Vera travaillait d'arrache-pied, sept jours par semaine presque douze heures d'affilée, pour un salaire de misère. Elle ne se plaignait jamais, gardait toujours quelques pièces pour les mendiants du quartier et participait aux bonnes œuvres locales. Tom était le seul homme invité dans son havre de paix, un studio sous les toits. Il en profitait largement, savourant le dimanche matin quand Vera lui préparait un petit-déjeuner fermier, une recette de feu sa grand-mère. Tom dévorait les patates rôties et les pancakes dorés, arrosés d'un excellent café frais pressé à l'italienne. Vera partait ensuite à l'église du coin pour le service de onze heures et revenait en début d'après-midi réveiller son matou favori. La journée se terminait en apothéose, avec sa rouquine ronronnant contre lui, à moitié assoupie et complètement satisfaite. Tom passait la nuit à la faire miauler sauvagement avant de tomber à son tour, repus et exténué.
Tom était enfin arrivé. L'air frais du port lui flattait les narines dans un concert olfactif. Une corne de brume lui souhaita la bienvenue. Les premiers clients ne tarderaient pas à se montrer, esclaves anonymes d'une sexualité tarifée dans un monde sans amour.
Vera lui apparut soudain au milieu des poissons morts. Elle aussi avait des orbites vides. Sa chevelure naguère rouge pendait lamentablement le long de son corps désarticulé. « Qu'était-il arrivé à la sirène de chez Moe ? ». Tom ne le saurait probablement jamais. Il se souvenait seulement des voitures de police en bas de son immeuble, de l'officier lui intimant l'ordre de ne pas rentrer et de la grosse voisine en larmes. La dure réalité l'avait rattrapé : celle du macadam froid et cruel, des lumières trop vives et des regards convenus. Tom avait couru le plus loin possible, le long des ruelles sombres, à travers les lignes de chemin de fer et s'était réfugié dans une autre ville. Il avait de nouveau succombé aux charmes vénéneux de la Sœur Seringue et de la Mère Pipe à Eau, les seules infirmières capables de lui faire oublier l'absence de Vera.

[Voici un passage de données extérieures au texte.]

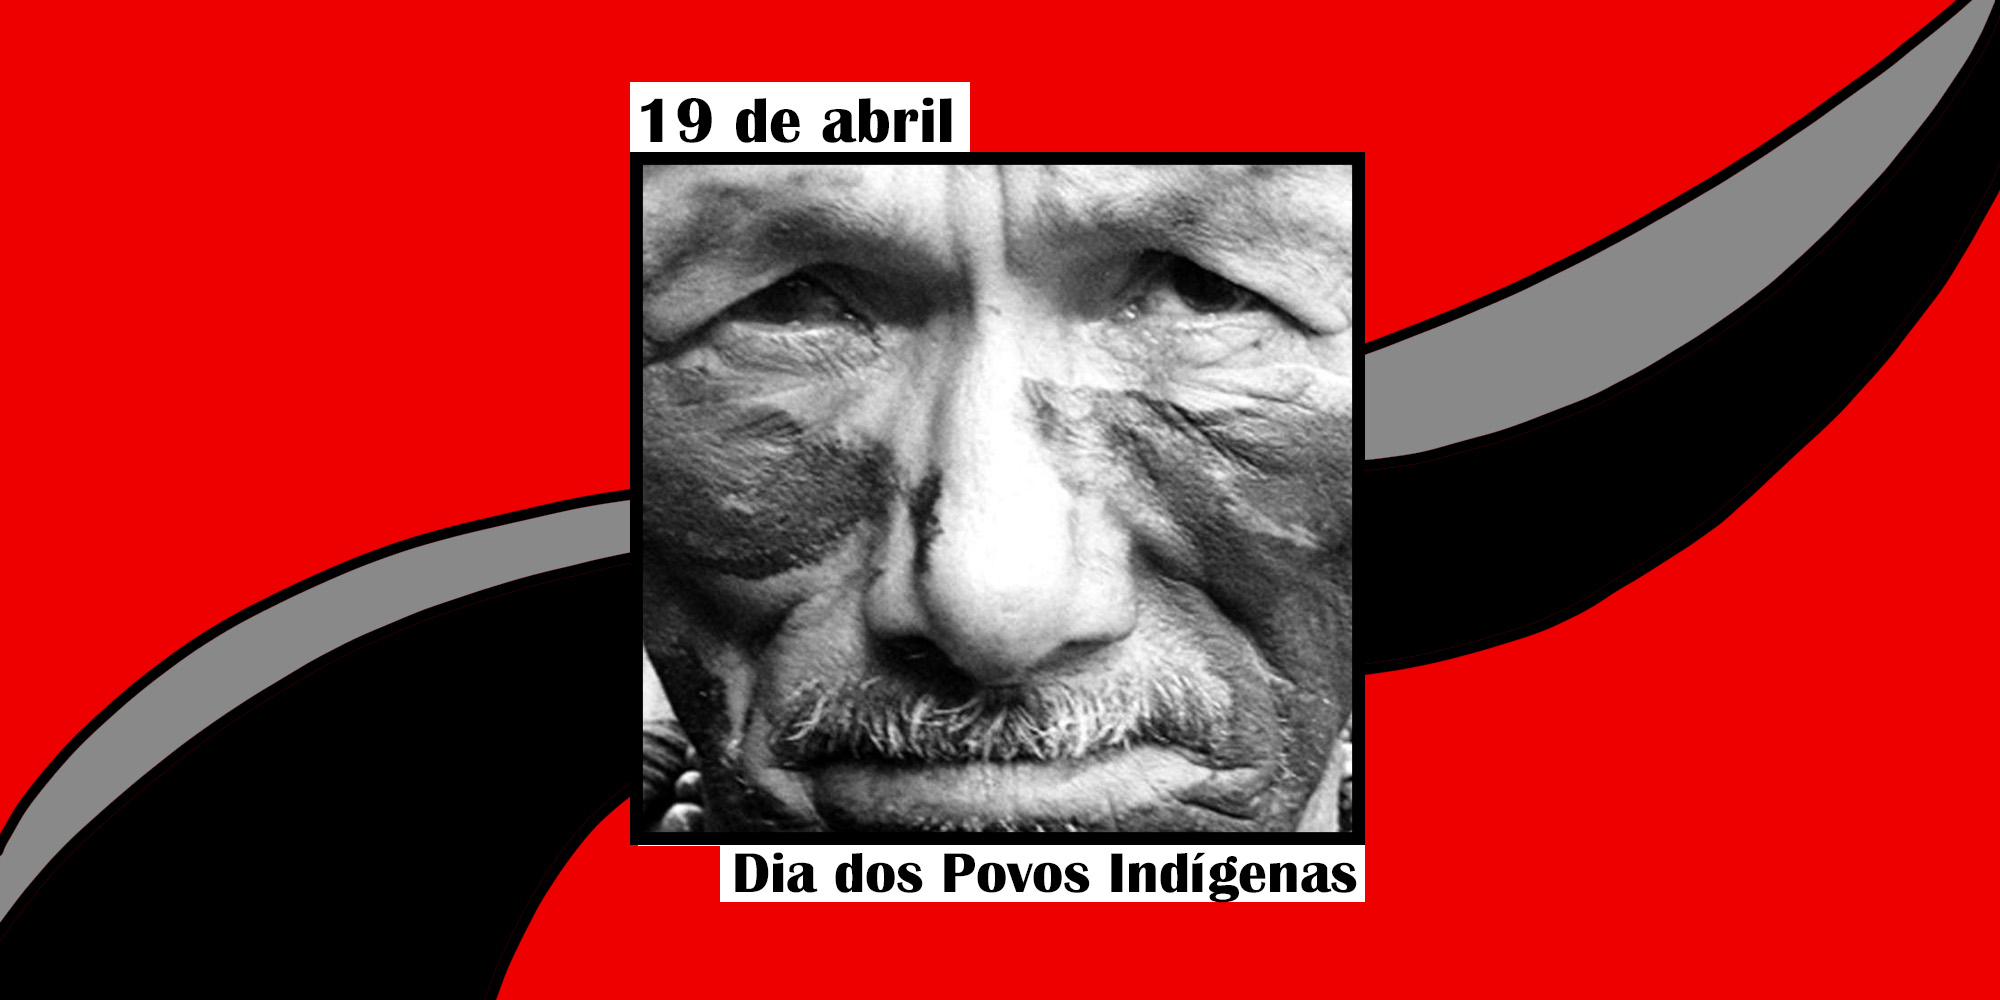 19 de abril, Dia dos Povos Indígenas: data de luta e reflexão

« Dans ta voiture ou ailleurs ? ». Tom avait l'embarras du choix, le client n'était pas trop regardant. Il opta pour le confort rassurant d'une bonne berline américaine et de la moquette bouclée d'une banquette de luxe. Tom prit les billets puis avala une poignée de bonbons roses. Il gratifia le gras du bide de son plus beau sourire avant de dégrafer son pantalon.